David Brady, Professor, Imaging and Spectroscopy, Duke University:

Aspiring engineers should be passionate about creating something or solving a problem.

Gisele Bennett, Director of Electro-Optical Systems Laboratory, Georgia Tech:

Have passion and curiosity with your endeavors (and try not to violate the laws of physics).

2. Communication skills are most important

When you think of engineering, you probably assume it’s all technical and you need to focus heavily on your math and science skills. Surprisingly, a lot of engineers say that your communication skills are of the utmost importance.

Jatin Mehta, Senior Electrical Engineer, Lockheed Martin Missiles and Fire Control:

Communication skills are equally, or perhaps even more, important than any technical skills you may possess.

Being able to effectively communicate complex technical ideas to non-technical peers is a very valuable skill.

Pamela Bhatti, Assistant Professor, Georgia Tech:

Written and oral presentation skills are extremely important.

3. Keep the focus in your undergraduate years

While it seems easier to run with the herd and simply have lots of fun while attaining your undergraduate degree, many engineers advise against this if you’re headed for success.

George Swenson, Professor of Electrical and Computer Engineering, University of Illinois:

Your undergrad years are precious; stick to business and make the most of your opportunities for learning.
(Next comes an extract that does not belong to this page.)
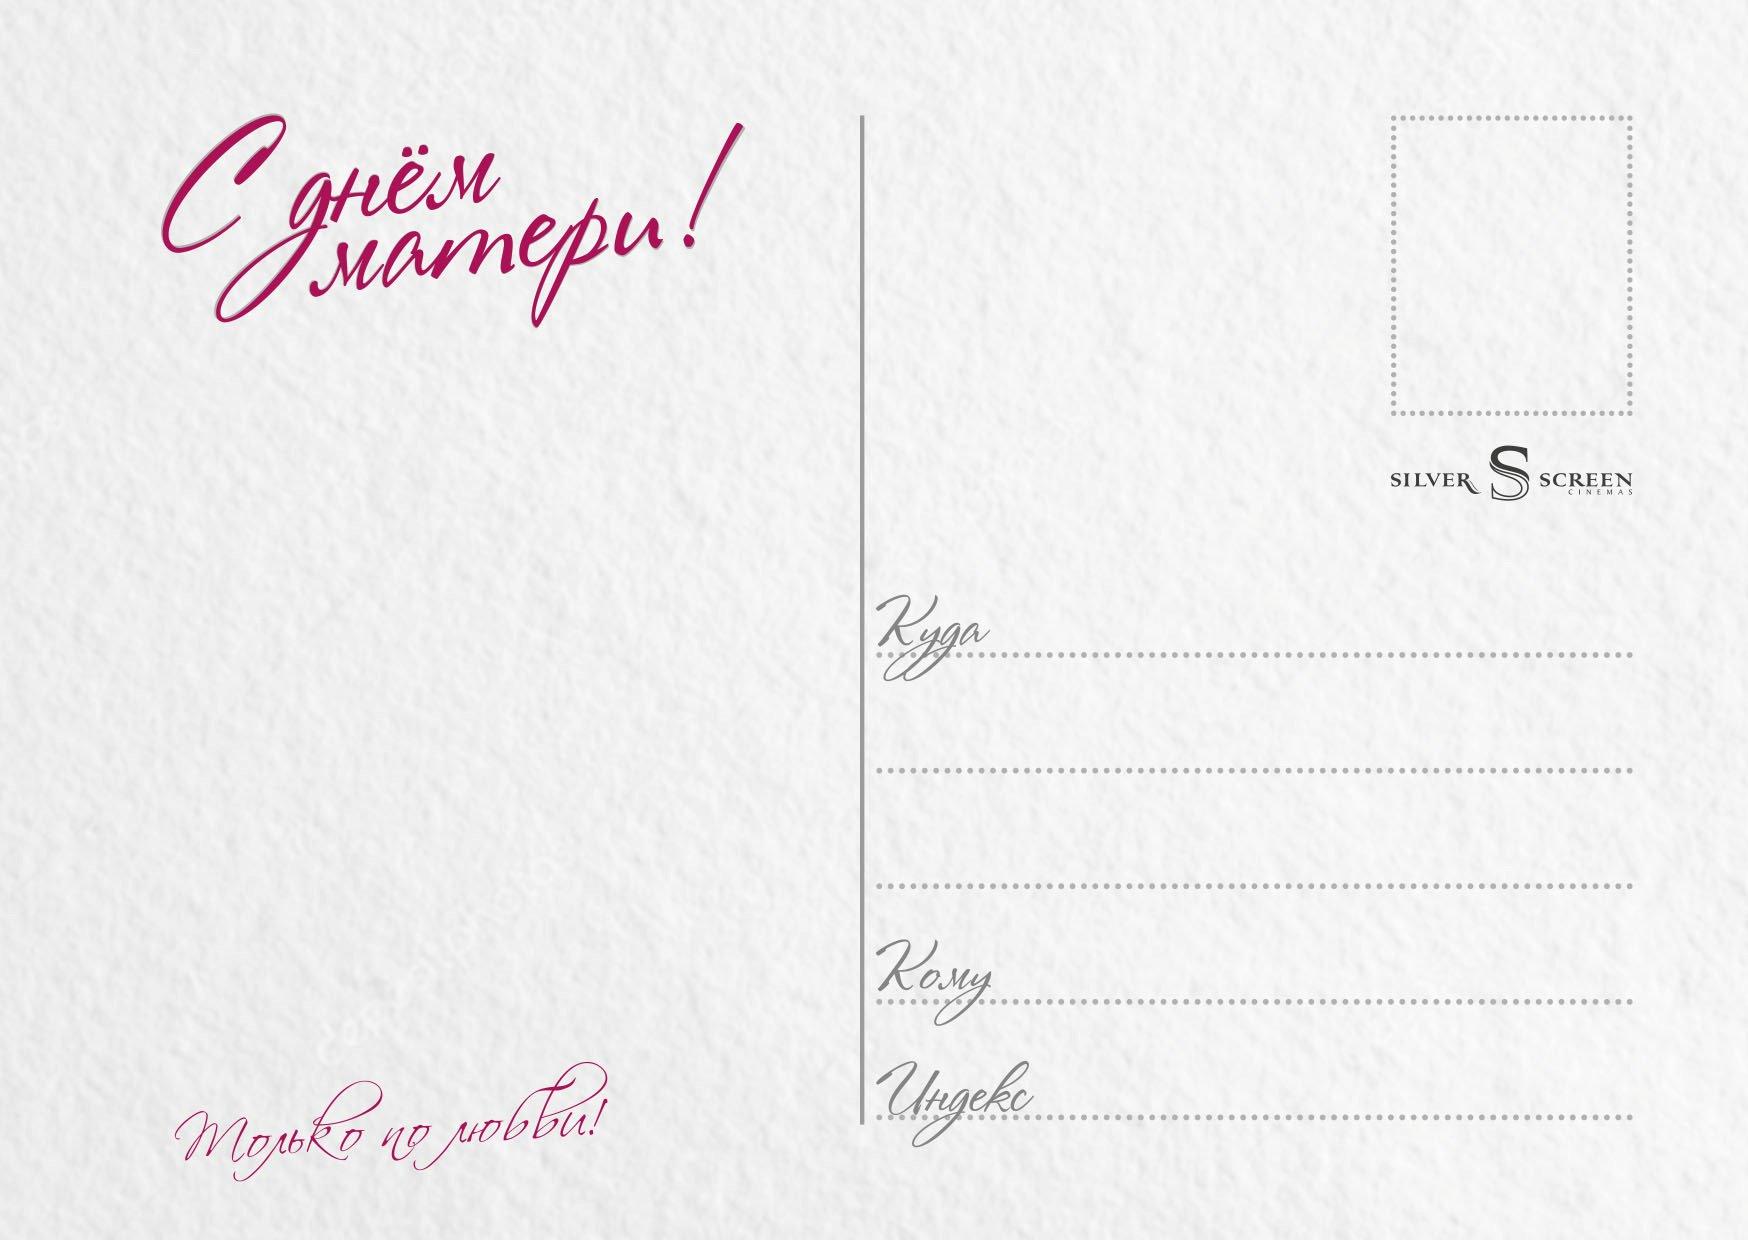 День работника, как подписать открытку ко днем рождения поздравления

It’s difficult to understand the next level of education, without paying attention in the moment.

Abigail Kuchan, Lockheed Martin Engineer: 
With engineering, you need to understand what you’re learning because the next thing you learn will inevitably build on that.
Jeremiah Schneider, Electronics Engineer Staff, Lockheed Martin Space Systems Company:
The enjoyment of math and science, endless tinkering, problem solving, the desire to make things work are characteristics of an engineer who will enjoy his or her career. If that doesn’t sound like you, think long and hard if engineering is really the right path for you.

4. Get an internship and build a network

Carter Burks, Senior Electrical Engineer, Lockheed Martin Missiles and Fire Control:

Personal contacts and advocates within the company to call upon when you graduate are priceless. It’s an easy way of pulling your resume to the top.

Check out your university’s internship and job opportunity resources for more information.

5. Don’t define yourself by your major

Brian Foy, Lockheed Martin Engineer:

Engineering problems in the real world are always multidisciplinary, so it’s important to branch out and learn subjects outside of your discipline.

6. Always, always continue to learn

Tom Byrd, Lockheed Martin Fellow, Lockheed Martin Missiles and Fire Control:

When I graduated from college I thought I wanted to be an Application-specific integrated circuit (ASIC) designer. During my first couple of work assignments, I really saw that I enjoyed electrical power work, so I took a Power Electronics class and continued to learn while on the job.

Hal Babb, Lockheed Martin Fellow:

Attempt to develop proficiency in a language other than English. Foreign language proficiency is a real plus. You choose the language; hopefully one you can practice regularly.

7. Think about the current market and focus on applications

Pamela Bhatti, Assistant Professor, Georgia Tech:
Always keep applications in mind as the field changes based on the applications driving the market.

8. Do not assume

Well, this one is true for everyone.

Martin Brooke, Associate Professor, Duke University Department of Electrical and Computer Engineering:

Try not to go into the field assuming too much. You will be blown away by the variety of careers out there for engineers.

9. Create a solid foundation

Phil Cheng, Systems Engineer, Lockheed Martin:

It is very useful at the start of one’s career to work on a product in which the engineer can get involved in the details, develop new skills and see the end results of their work quickly. From there, the engineer can expand to larger projects and eventually whole systems development.


10. It may be difficult, but it's rewarding
Indira Negi, New Devices Group, Intel Corporation:
It seems like a lot of work in the beginning, but it can really be a very creatively satisfying field. Once you've got the building blocks, you can create anything you can imagine!